Во дворе столкнулся с Виктором-Витей и Ярославом. Дина стояла в дверях, у ее ног сын, в глазах грусть. «Как на войну провожает… Хорошо хоть не в больнице – значит ничего страшного с сыном». Оляны видно не было; дверь их квартиры закрыта.
– Здоров, сосед, – протянул руку Виктор-Витя. – Жив-здоров?
– Да. А что?
– Да повеситься можно от такой погоды… У нас тоже не рай, но там таких ветрюганов не помню.
Сергеев догадался, что это «у нас» – не про дорогу, которую они строят. Наверняка про место, где жили раньше.
– Ну ладно, – Ярослав приобнял жену, – поехал. Если зарплату дадут – переведу на карту сразу.
Та в ответ перхнула, ткнулась ему в подмышку.
– Давай, Славян, маму слушайся.
– Да!
Мужики пошагали к калитке, Сергеев – следом. Почему-то обгонять их было неловко – подумают, что хочет скорее отделаться. И жалко их стало, в серых с оранжевыми полосками штормовках, в пропитанных потом бейсболках; на плечах тощие рюкзачки…
– Как дела вообще? – оглянулся Виктор-Витя.
– Так, – поморщился одной стороной лица Сергеев. – Нет, ничего, вообще-то, нормально.
– А ты, смотрю, поправился.
– Да? Не замечал.
– А не хочешь к нам? Там лишний вес быстро испаряют.
– Витёк, отвали от человека, – бросил Ярослав. – Отдыхает человек.
– Я, может, тоже отдохнуть хочу.
– Заработаешь – и отдыхай.
Виктор-Витя хмыкнул, потом сплюнул; порыв ветра чуть не вернул ему плевок – вовремя увернулся.
– Уже с женой жить разучился. И она шарахается, как от чужого… Эти дни – пытка настоящая.
– Бухай меньше.
– Хорош меня учить. Если у меня все жилы болят, должен я как-то…

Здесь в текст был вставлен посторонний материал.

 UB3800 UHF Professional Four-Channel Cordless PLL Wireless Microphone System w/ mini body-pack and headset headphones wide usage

– Автобус! – перебил Ярослав и побежал к остановке. Виктор-Витя – за ним.
Сергеев проследил, как они садятся в зеленый, короткий автобус неизвестной ему марки… Автобус тронулся, Сергеев облегченно выдохнул – общение получилось не очень дружеским. «Этот Витя по пьяни и пырнуть может. Дескать, жируешь тут, а я там сдыхаю… Ярослав вроде и заступился, но так нехорошо прозвучало: отдыхает человек».

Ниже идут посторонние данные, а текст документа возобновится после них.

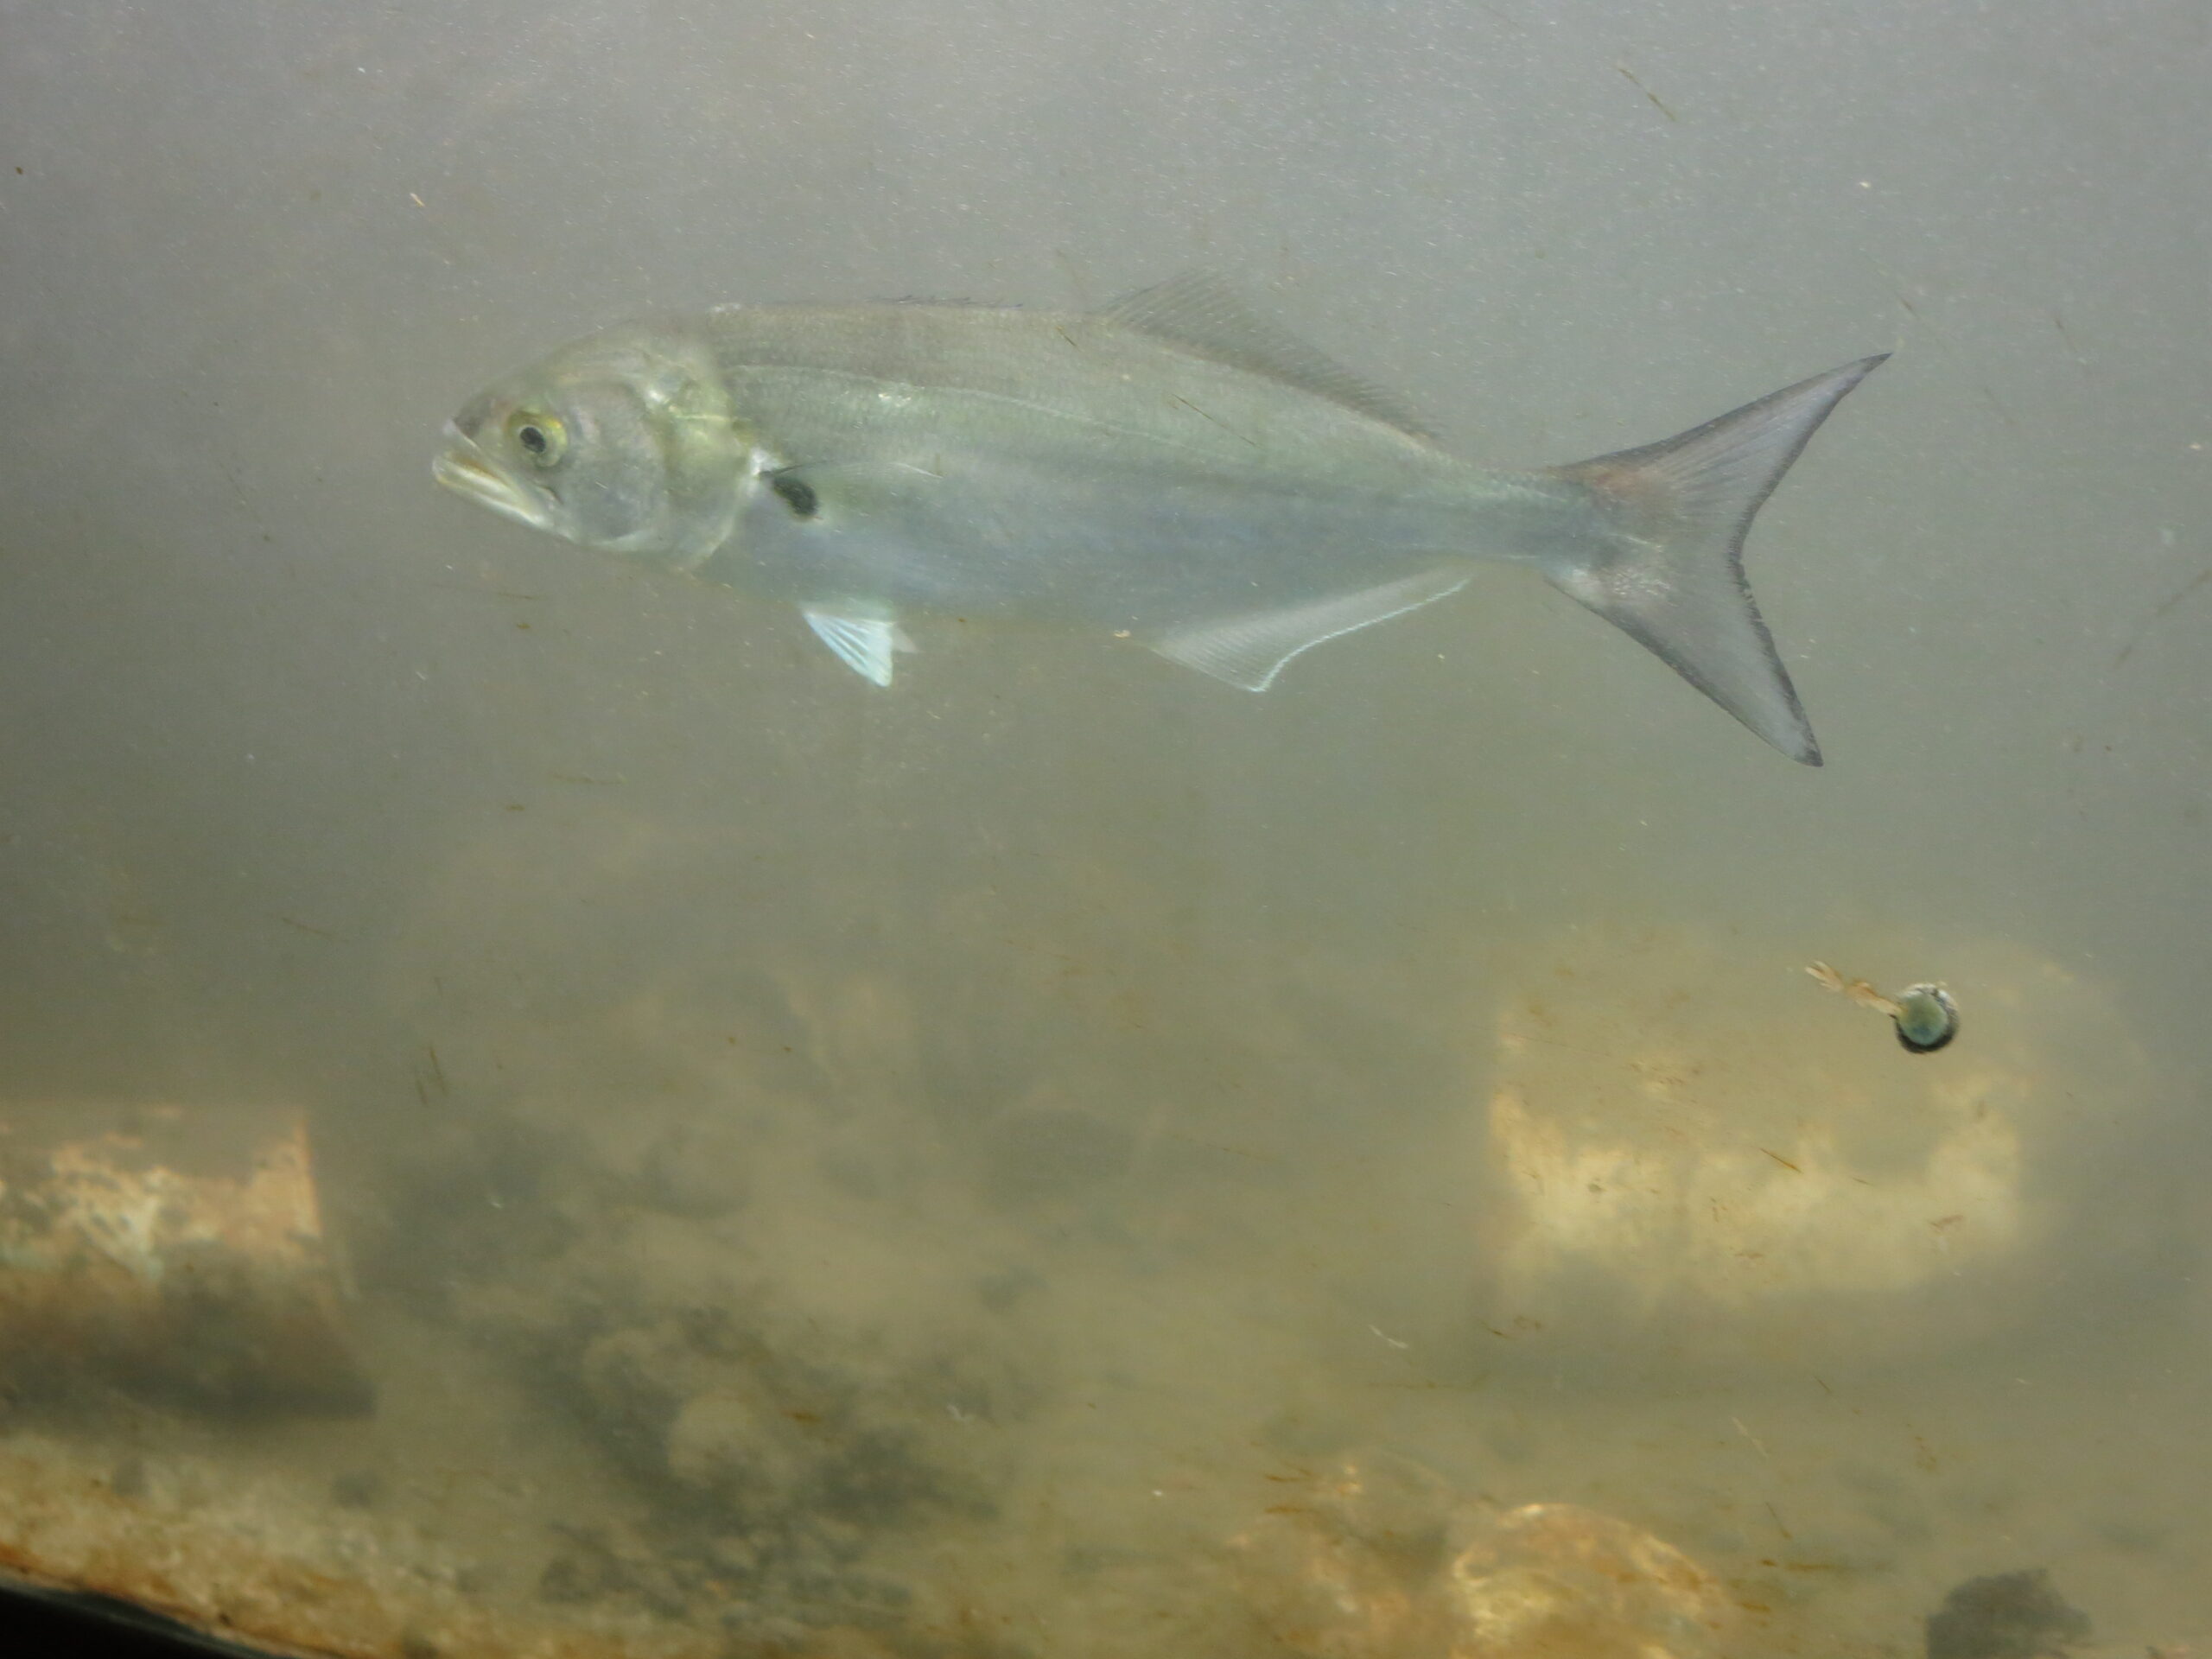 A bluefish swimming by the camera

Перешел дорогу, помахал руками и побежал. И тут же ноги стали тяжелыми, отрывались от земли с огромным трудом. Сергеев приподнял кроссовку – вся подошва на несколько сантиметров была облеплена красноватой, смешанной с камешками глиной.
– Ч-черт…
Стал вытирать кроссовки о траву. Получалось плохо. Пошел, шаркая, по полю – тропинка превратилась в болотце. Не до пробежки.

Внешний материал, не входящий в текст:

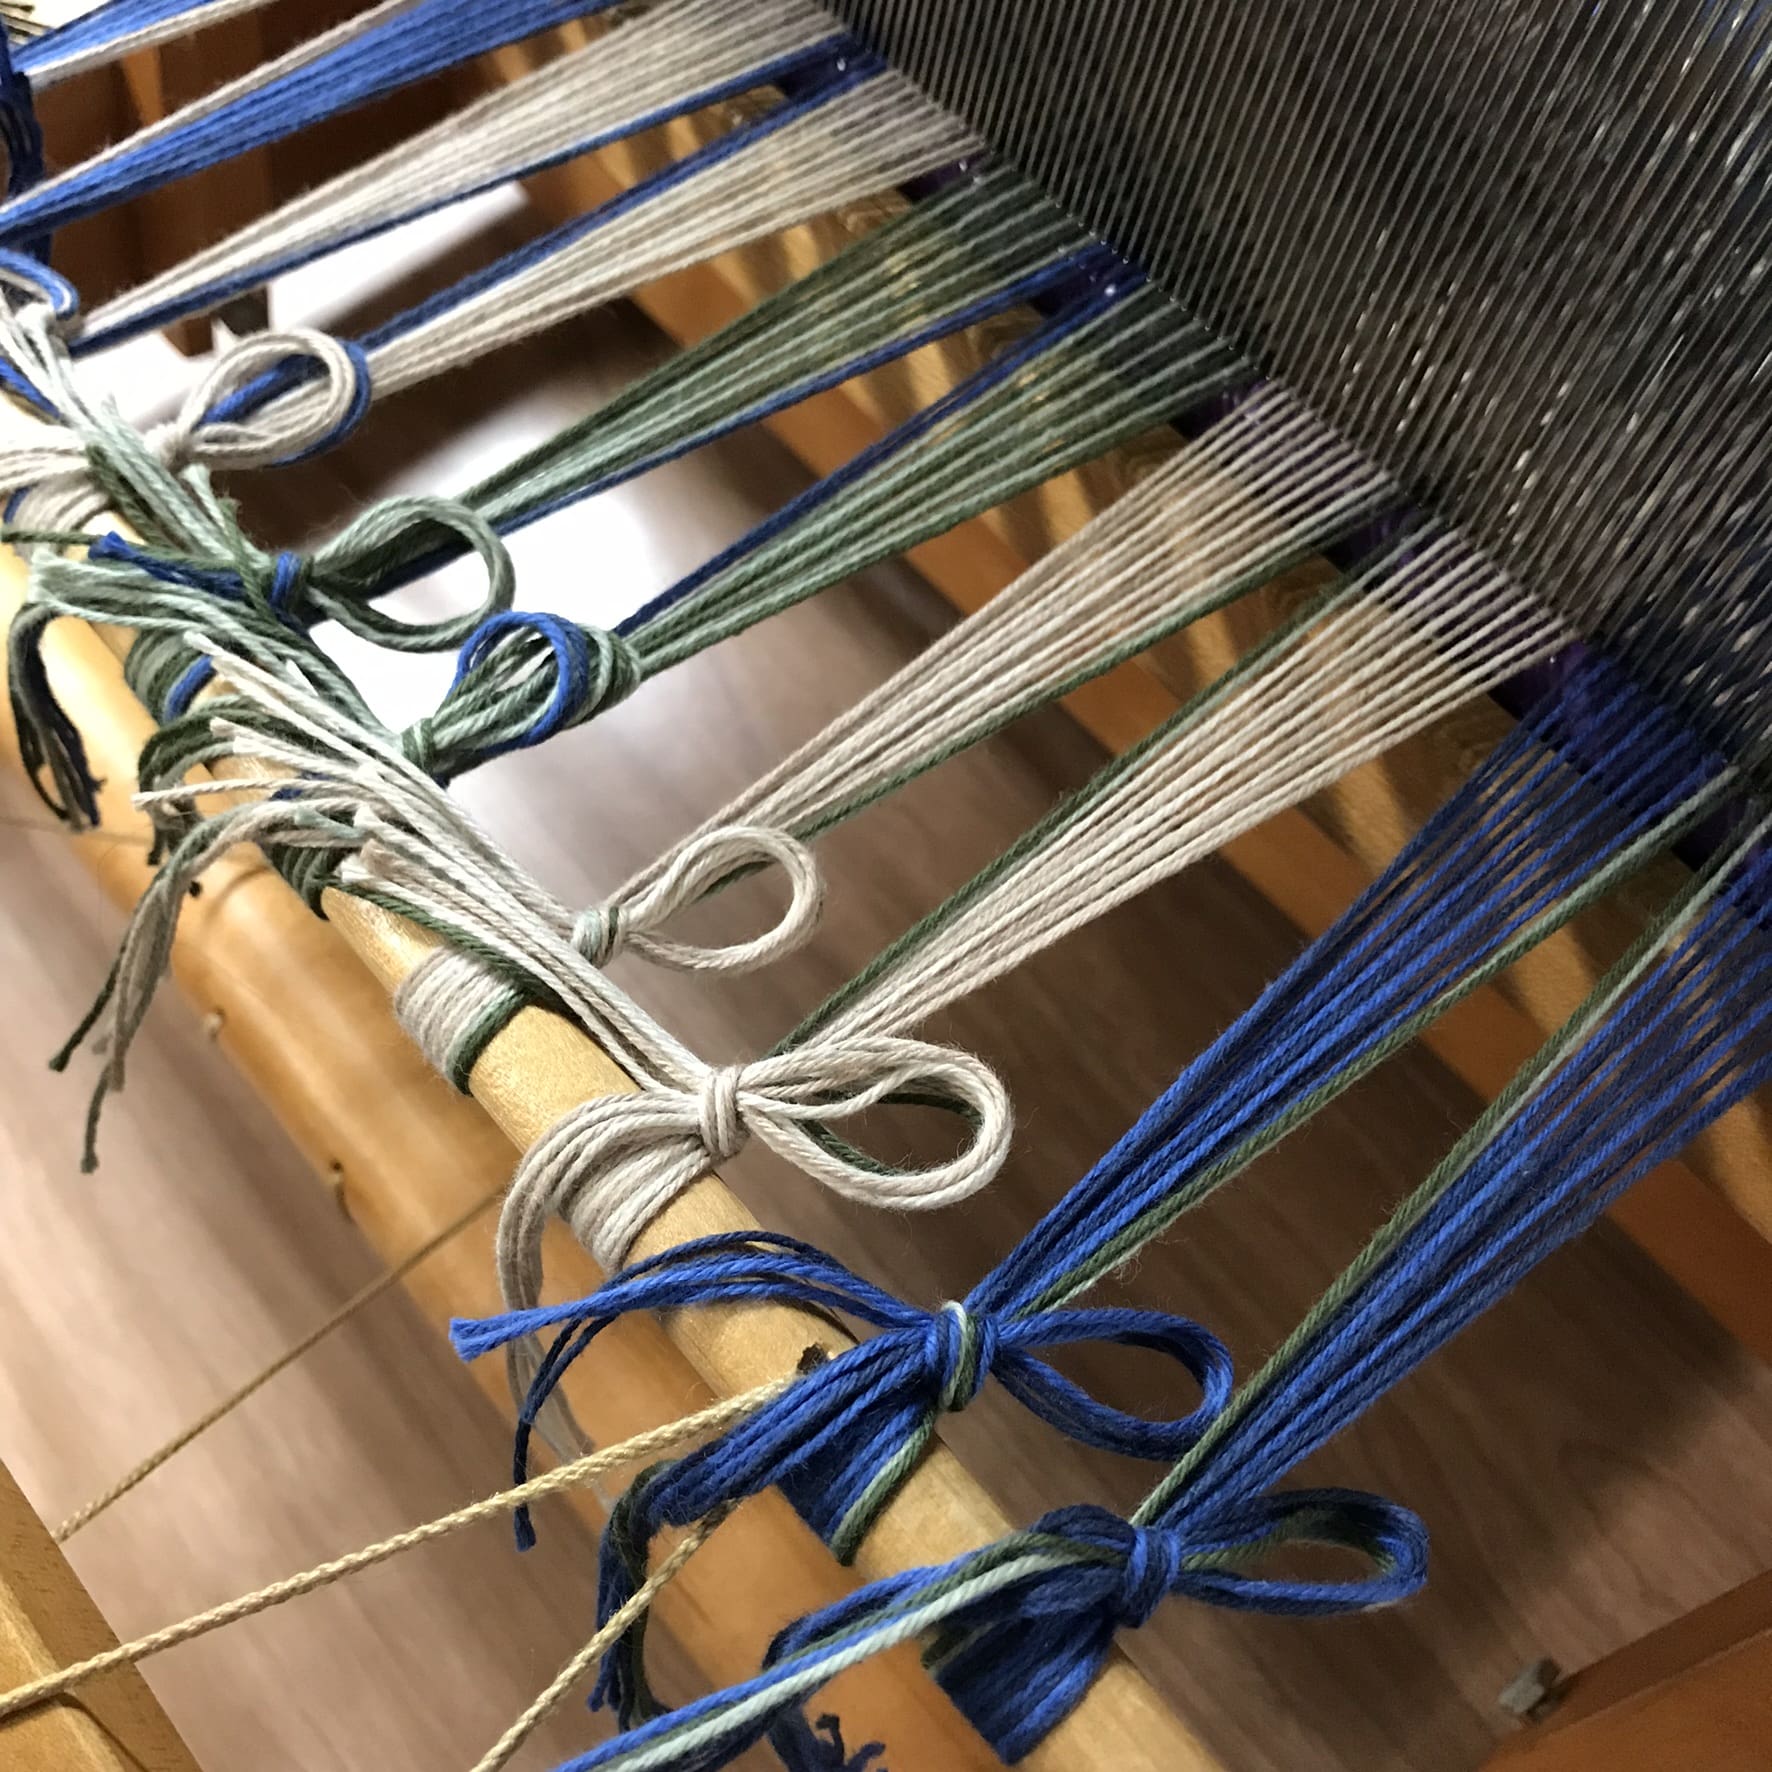 Ready to weave

На ровном, не защищенном домами и деревьями пространстве ветер оказался сильнее. Налетал порывами, бил Сергеева в правое ухо. «Еще застужу, вот будет лишний гемор…» Прикрыл ухо рукой, руке стало холодно. «Обратно точно на автобусе».
Трава спасала слабо – давняя пахота размокла, была ненамного тверже тропинки… В каком-то фильме солдаты идут по подобному полю… Ну, это, конечно, не такое раскисшее, но и у него не сапоги, а кроссовки.
– Черт, а… – Разум требовал выбираться на дорогу, а что-то противоположное внутри и не менее сильное вело Сергеева дальше, заставляло месить красноватую глину, губить обувь, представляя себя солдатом, последним уцелевшим из большого отряда.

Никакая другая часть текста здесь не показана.